Change any character to a different character

Deletion

Delete any character

Insertion

Insert a new character at any position

Now, let's say that every time you make any of these
three edits, you incur an edit cost of 1. Now, call the edit distance
between two strings as the minimum edit cost needed to change one
string into the other.

For instance, let's say there are two strings
portend and profound. You can
apply the following edits to portend:

portend
(delete o)
prtend
(insert o)
protend
(change t to f)
profend
(change e to o)
profond
(insert u)
profound

You can see that five edits were applied. Assuming you
can't find a quicker way to change one string into
the other, the edit distance between the two strings is 5.

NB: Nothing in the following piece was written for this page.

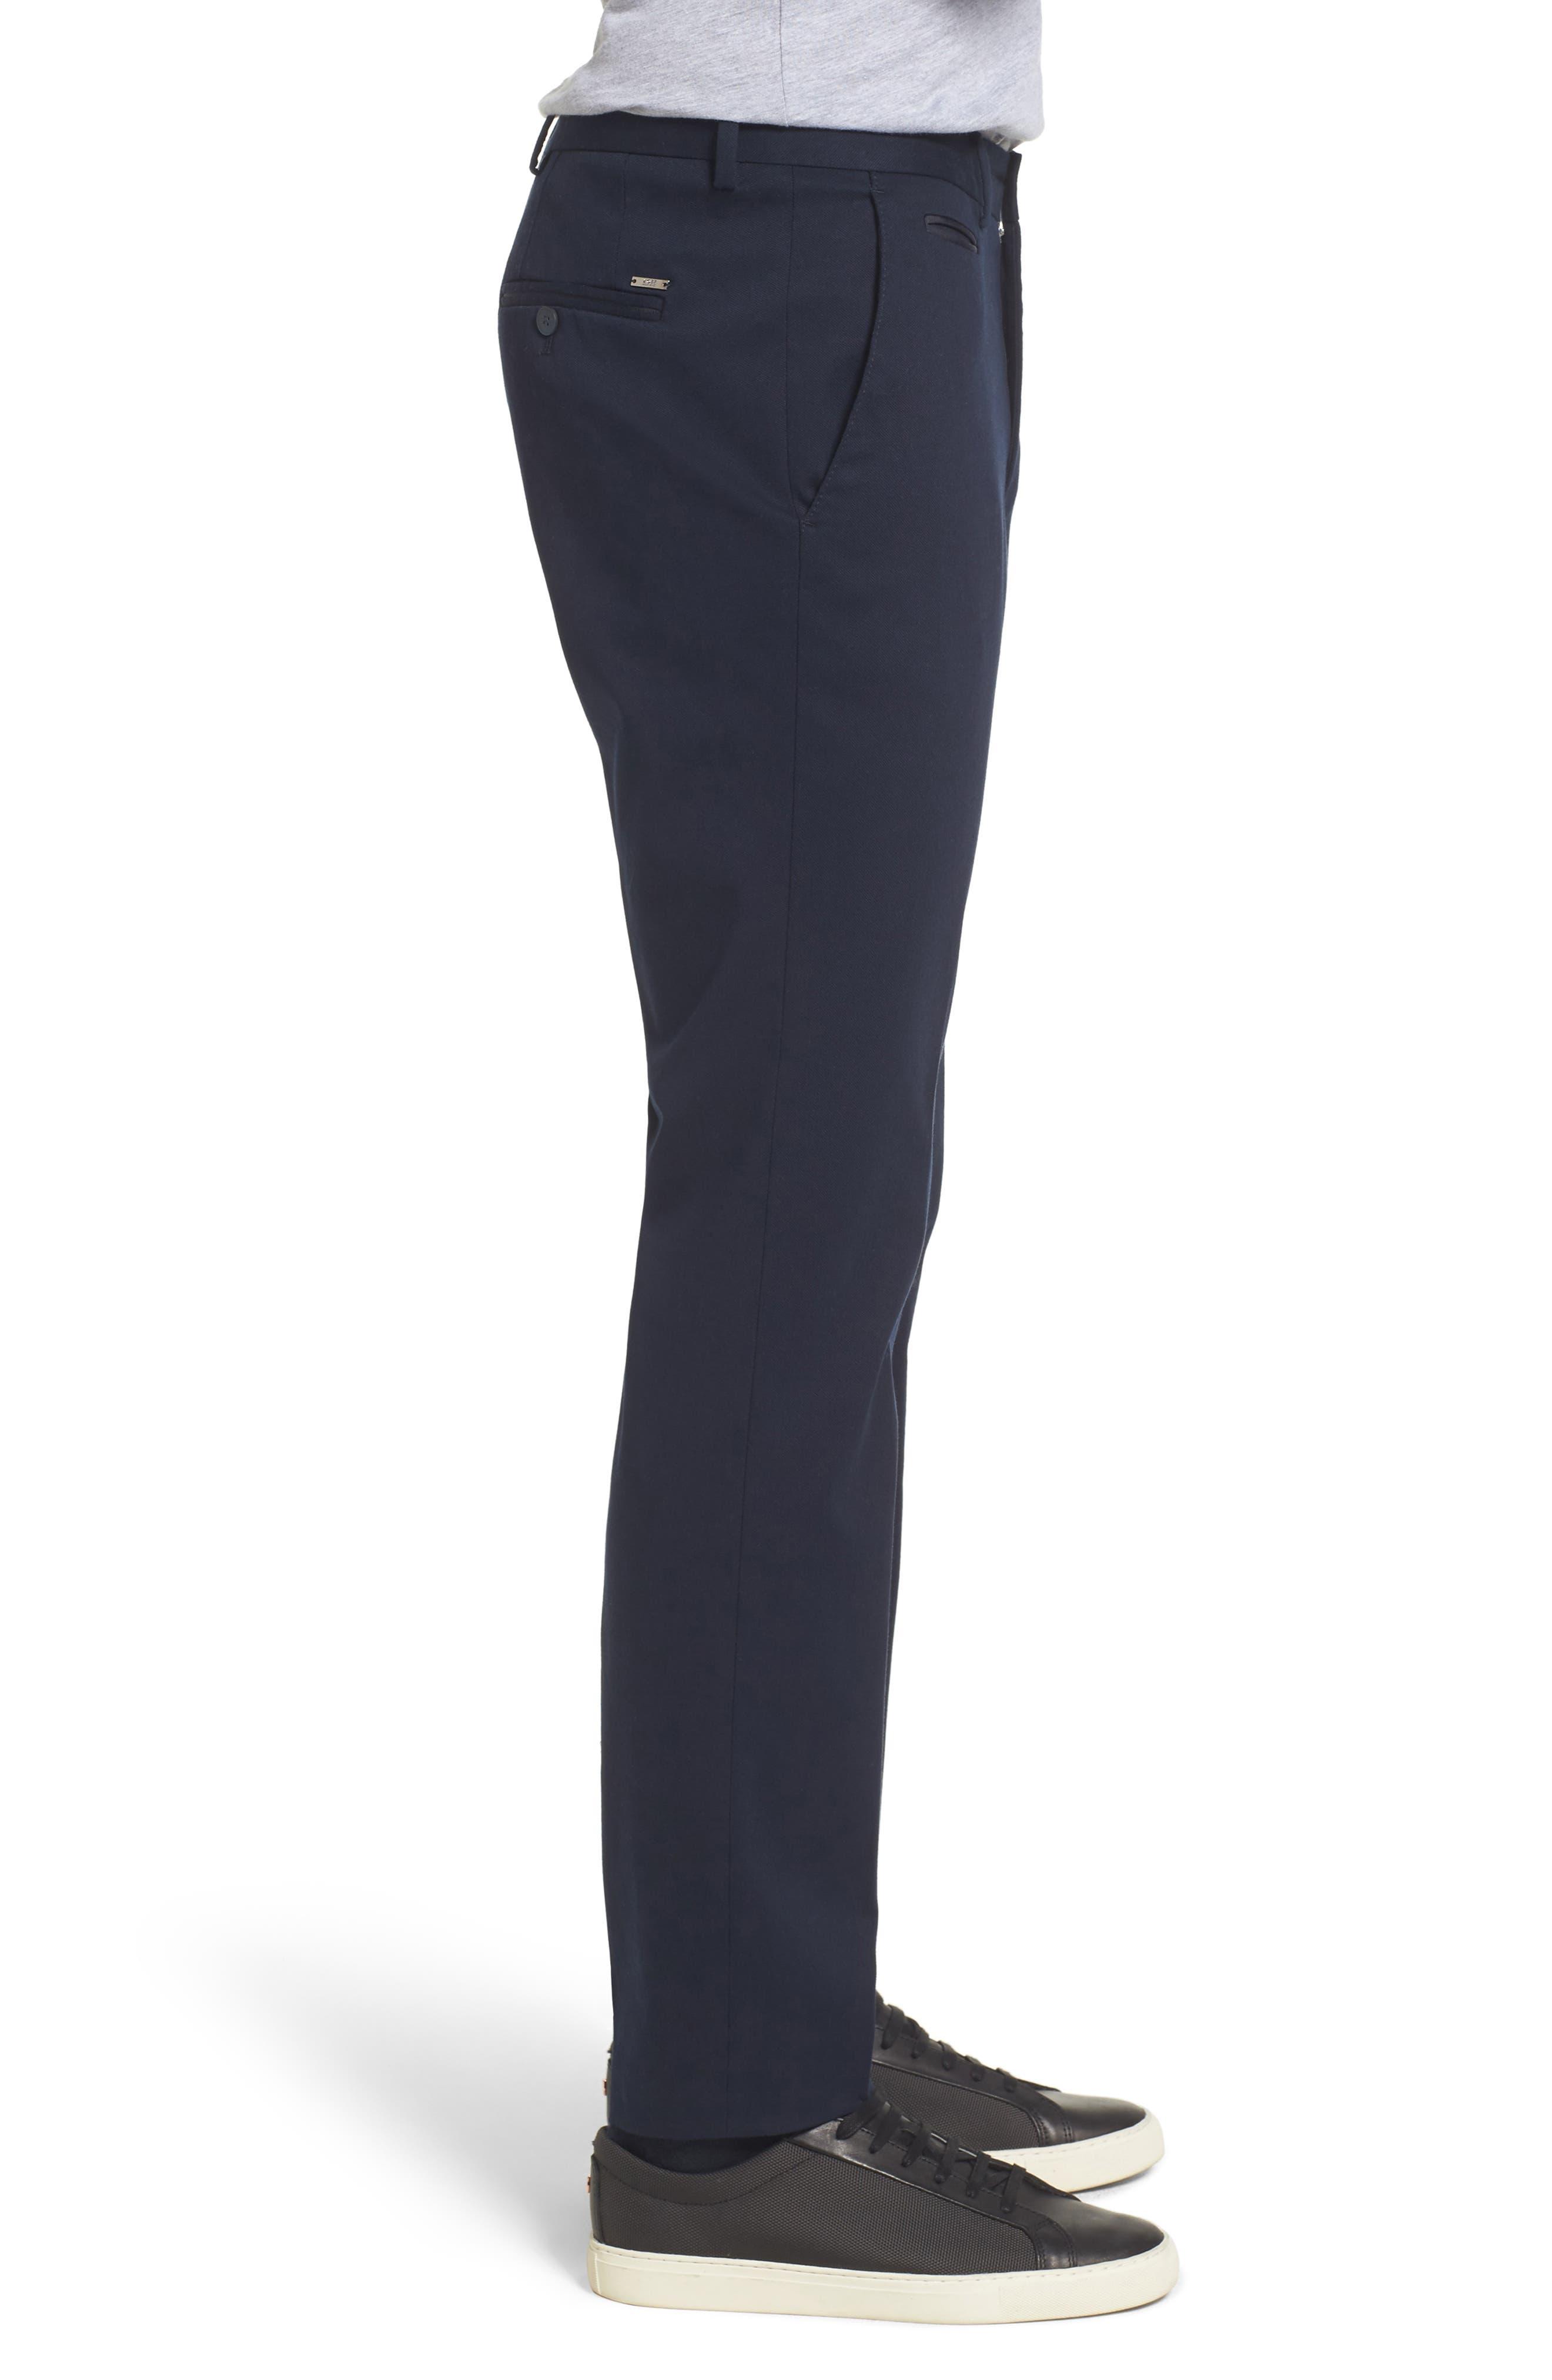 Batho-W Regular Fit Trousers,                             Alternate thumbnail 3, color,                             Navy

Clearly, you can also start from the other string and apply the same
edits in reverse (just interchanging the deletions and insertions,
and reversing the substitutions). So, starting from
profound, delete u, change
o to e, change
f to t, delete
o, and finally insert o, to
arrive at portend.

The relevance of this concept of edit distance to sequence alignment
is simply: the smaller the edit distance, the better the alignment.

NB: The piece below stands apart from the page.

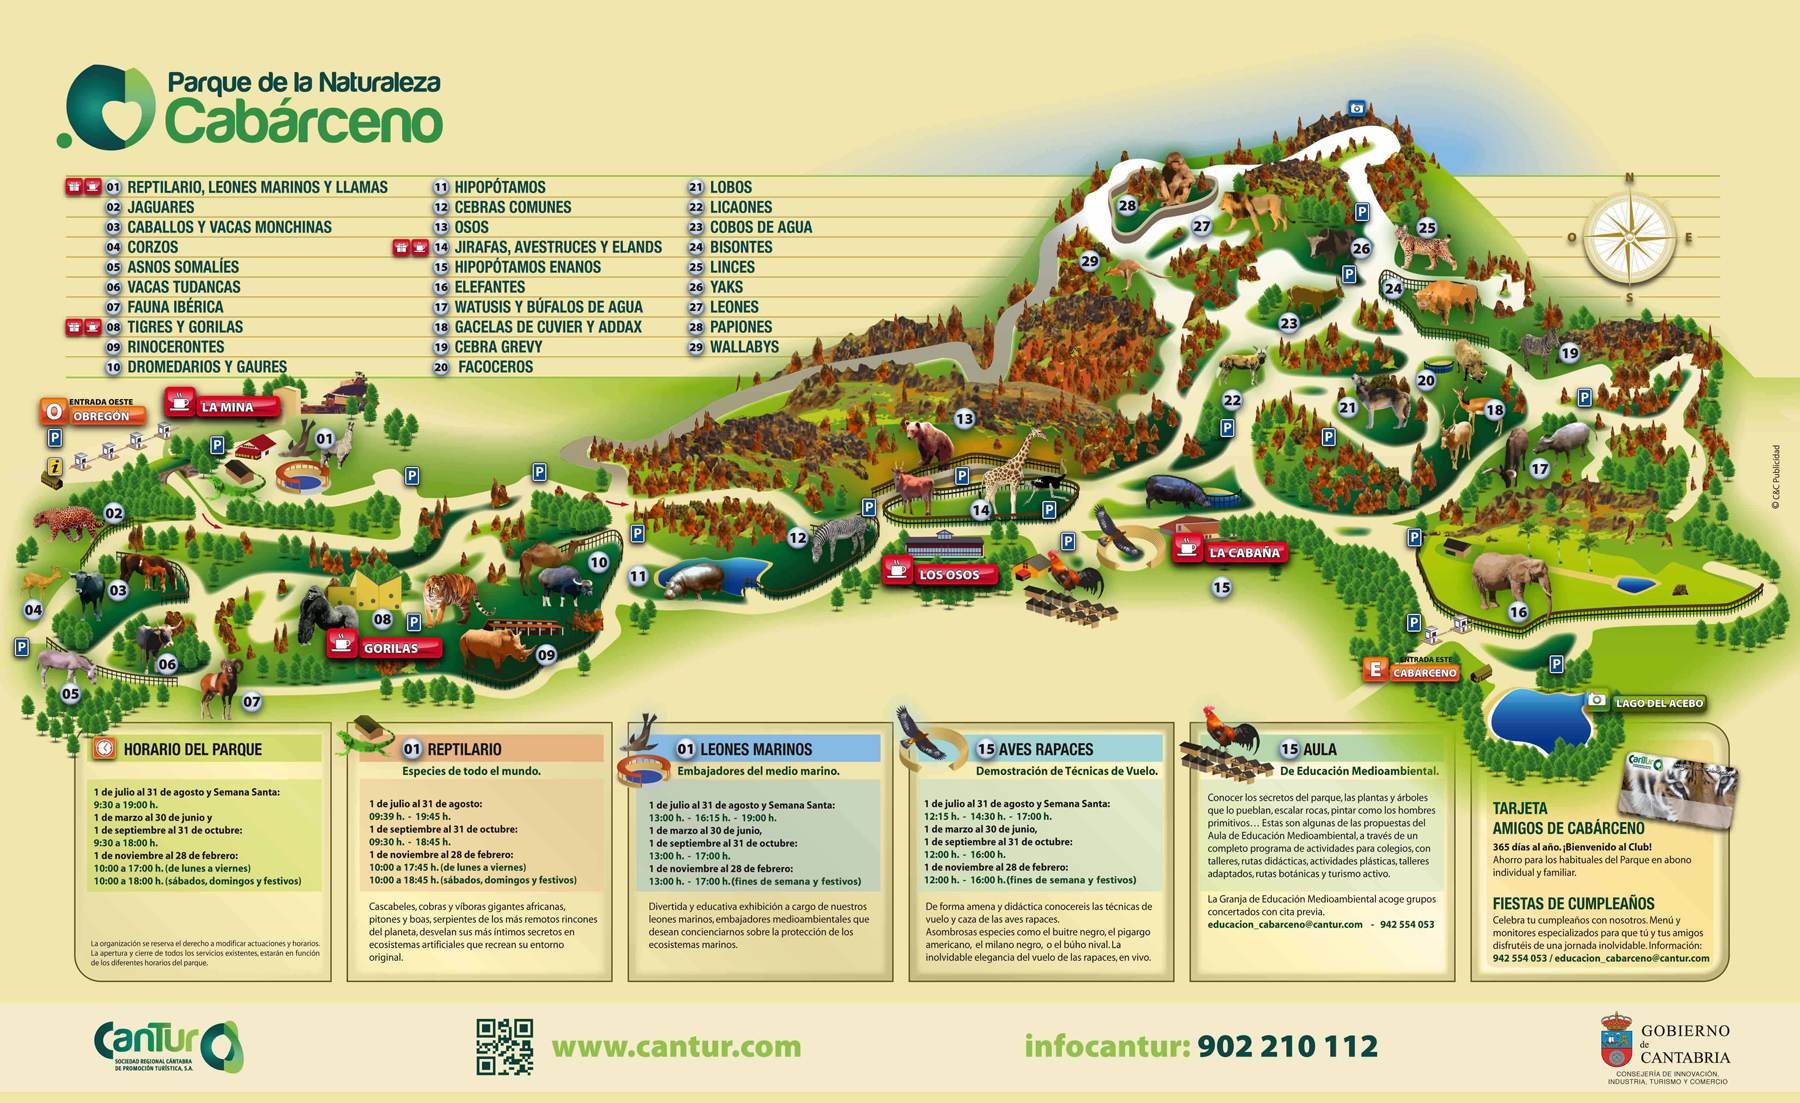 Mapa de Cabarceno (vía cantur.com)

We'll ignore for the moment whether these are the
most biologically relevant types of edits. However, you may want to
start thinking of "edits" as
"mutations," and consider whether
the problem is perhaps formulated too simplistically to model the
actual process of mutation. What about the differences between DNA
and proteins in this regard? Should we permit switching the order of
two adjacent characters as an edit? How about reversing a substring
of the string, as in the known biological process of inversion? Does
our assignment of an equal cost to each
"edit" make biological sense? Keep
these questions in mind; we may eventually want to improve the
algorithm by incorporating some of the modifications suggested by
these ideas.

In approximate string matching, the problem is to find a (short)
pattern in a (usually much longer) text. Of the many possible
variants of this problem, let's find the location(s)
in the text with the smallest possible edit distance from the
pattern. We'll do so in the next section.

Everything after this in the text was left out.